A Face Plate For Decibel Monitor

The aircraft decibel monitoring project I am building has as its central component a printed circuit board (“PCB”) made by PCB Artists called I2C Decibel Sound Level Meter Module (“Decibel Monitor”). (I2C stands for the electronic circuitry protocol Inter-Integrated Circuit (pronounced as “eye-squared-see” or “eye-two-see”).)

I2C Decibel Sound Level Meter Module

Since the Decibel Monitor uses I2C, it’s a cinch to connect it to a Raspberry Pi single board computer. The Decibel Monitor uses a mems (micro-electromechanical systems) microphone just like your phone uses. Look at the board above and you will see a small metallic component in the center of the board: that is a mems microphone. A mems microphone is a small metal shell that solders onto a circuit board and has a small hole in its base that allows sound waves to enter the shell’s chamber and be measured.

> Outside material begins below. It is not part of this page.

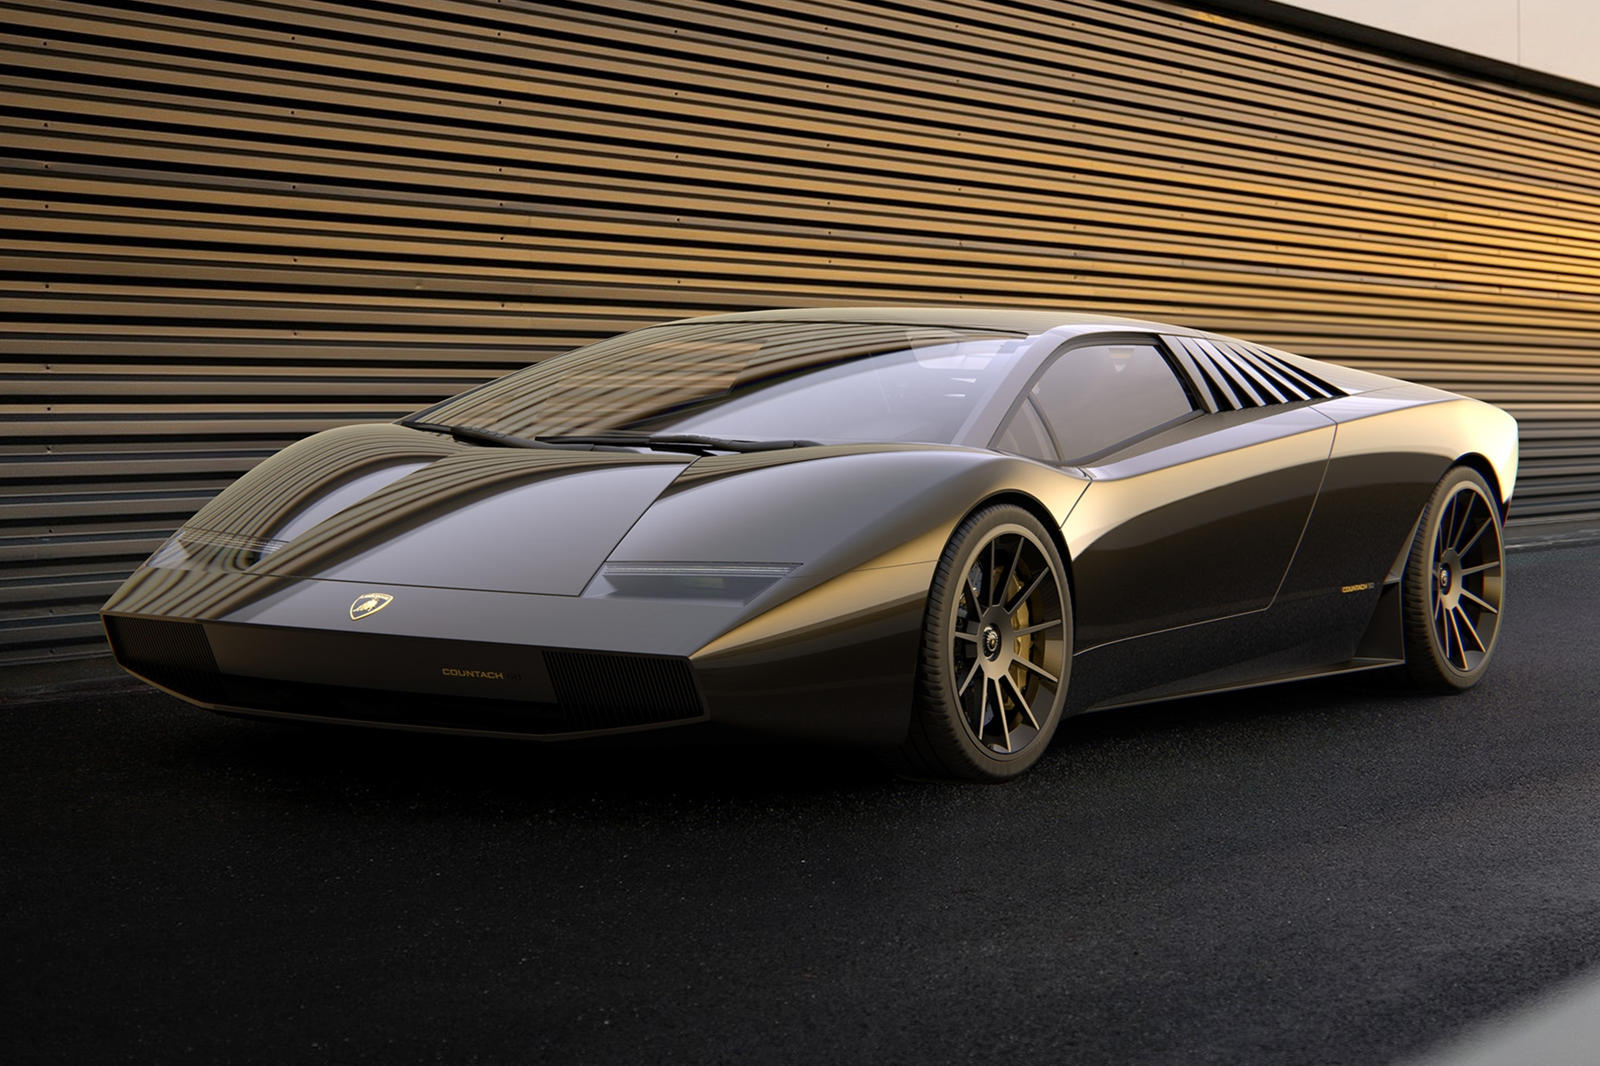 Lamborghini Countach был, пожалуй, самой важной моделью в истории компании, с тех пор вдохновляя каждую модель Lambo. Легендарный суперкар недавно отпраздновал свое 50-летие, и даже сегодня это впечатляющая машина. Так что бы произошло, если бы Count

It’s like a limpet that attaches to a circuit board. The trick, however, is to have the hole so the sound waves can enter the component.

mems microphone circuit board component

The Decibel Monitor’s board needs to be mounted so the small hole from the mems microphone and the adjacent small hole through the circuit board faces the outside allowing sound waves to enter the chamber to be measured. The challenge is to construct an box able to withstand the outdoor elements that can protect the circuitry, secure the board against a wall while allowing the sounds to be captured.

Mixing electronics and outdoor weather is a recipe for failure because Nature can be very harsh: heat, moisture, & bugs. I researched the AudioMoth Project which is an acoustic logger designed to work in remote locations and it started as a research project at the University of Southampton having as its goal: monitoring anthropogenic disturbances in the tropical forests of Belize, i.e. detecting poachers in nature reserves. I reviewed their forum to see how their outdoor cases held up and determined that their outdoor cases had long term problems… e.g., bugs invaded, the plastic membrane designed to protect the mems microphone failed.

I decided to build my own face plate and hoping that the bugs of the USA urban areas might not as invasive as Belize or Africa. To accomplish this, I utilized the open source software FreeCAD and designed a face plate that could be secured against the Decibel Monitor, provide a bit of water protection and a bit of insect protection. It’s a sandwich design: Decibel Monitor on the inside, box surface in the middle, and face plate on the outside. I have a recess designed in the faceplate to hold a stainless steel screen and allow for moisture to drip down through a “weep” hole.

Here’s the face plate I designed displayed in a 3D viewer below: you can move the object around with your mouse depressing a mouse key and then moving your mouse to cause the object twist and twirl:

I had the part printed in nylon by Sculpteo, a subsidiary of BASF. Here are the six print-outs I ordered: 2 – regular finish, 4 polished finished with one in green and one inblue color.

Here’s the face plate affixed to the weather resistant box that houses the Decibel Module.

NENRAD represents an effort I created to unite neighbors into considering the noise generated above our neighborhood from aircraft. The unit this module will connect to will be deployed in the next several weeks, I’m finalizing a circuit board, called a “uHAT”, to work with the Raspberry Pi Zero 2 W board that will connect everything together. More on that in a later topic.